I'm using the svm from the e1071 package to train a model with the 
option probabilities = TRUE. I then use predict with probabilities 
= TRUE and get the probabilities for the data point belonging to either 
class. So far all is well.


My question is why I get different results each time I train the model, 
although I use exactly the same data. The prediction seems to be 
reproducible, but if I re-train the model, the probabilities vary some what.


Here, I have trained a model on exactly the same data five times. When 
predicting using the different models, this is how the probabilities vary:


probabilities
Grp.0Grp.1
0.70771550.2922845
0.79387820.2061218
0.81788330.1821167
0.71222030.2877797

How can the predictions using the same training and test data vary so much?

Thanks,
Anders

__
R-help@r-project.org mailing list
https://stat.ethz.ch/mailman/listinfo/r-help
PLEASE do read the posting guide http://www.R-project.org/posting-guide.html
and provide commented, minimal, self-contained, reproducible code.

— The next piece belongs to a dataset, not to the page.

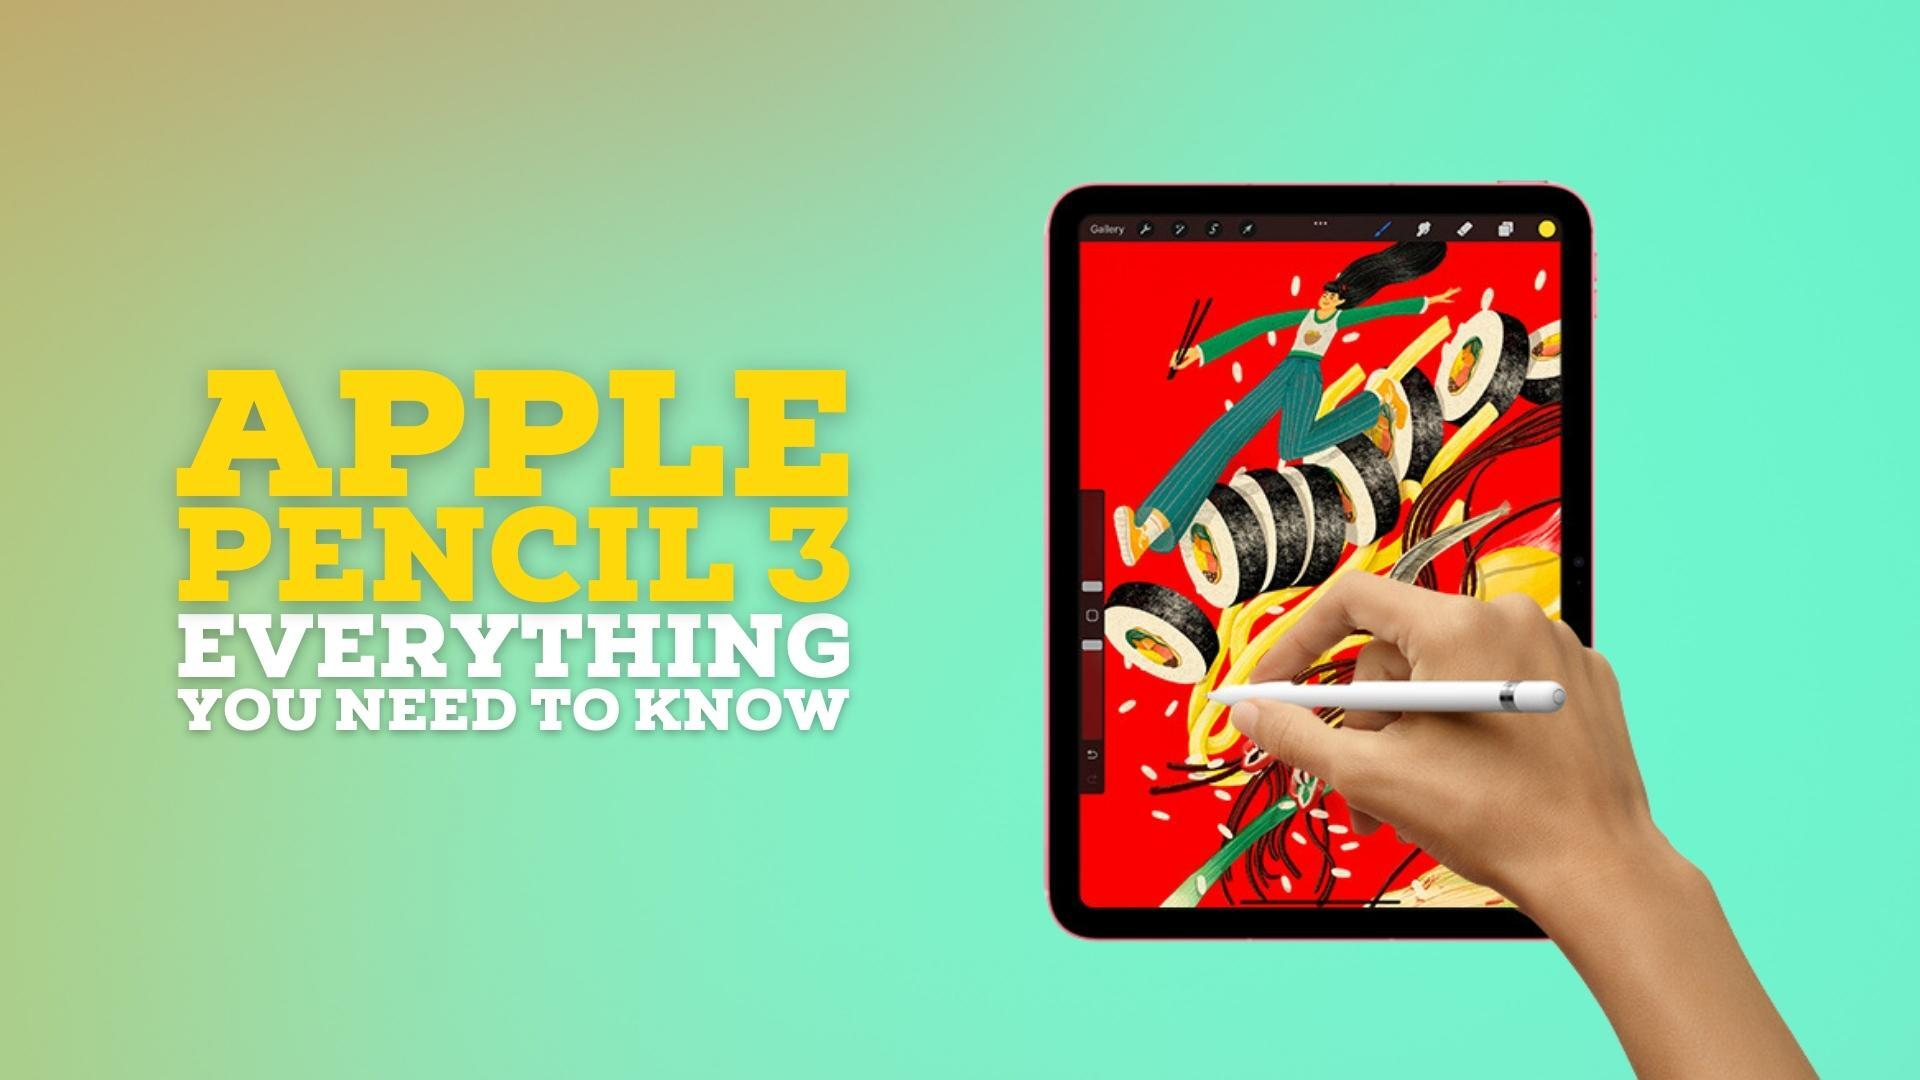 Apple Pencil 3: Everything you need to know | iMore

Re: [R] SVM probability output variation

2009-10-21 Thread Steve Lianoglou

Hi Anders,

On Oct 21, 2009, at 8:49 AM, Anders Carlsson wrote:


Dear R:ers,

I'm using the svm from the e1071 package to train a model with the  
option probabilities = TRUE. I then use predict with  
probabilities = TRUE and get the probabilities for the data point  
belonging to either class. So far all is well.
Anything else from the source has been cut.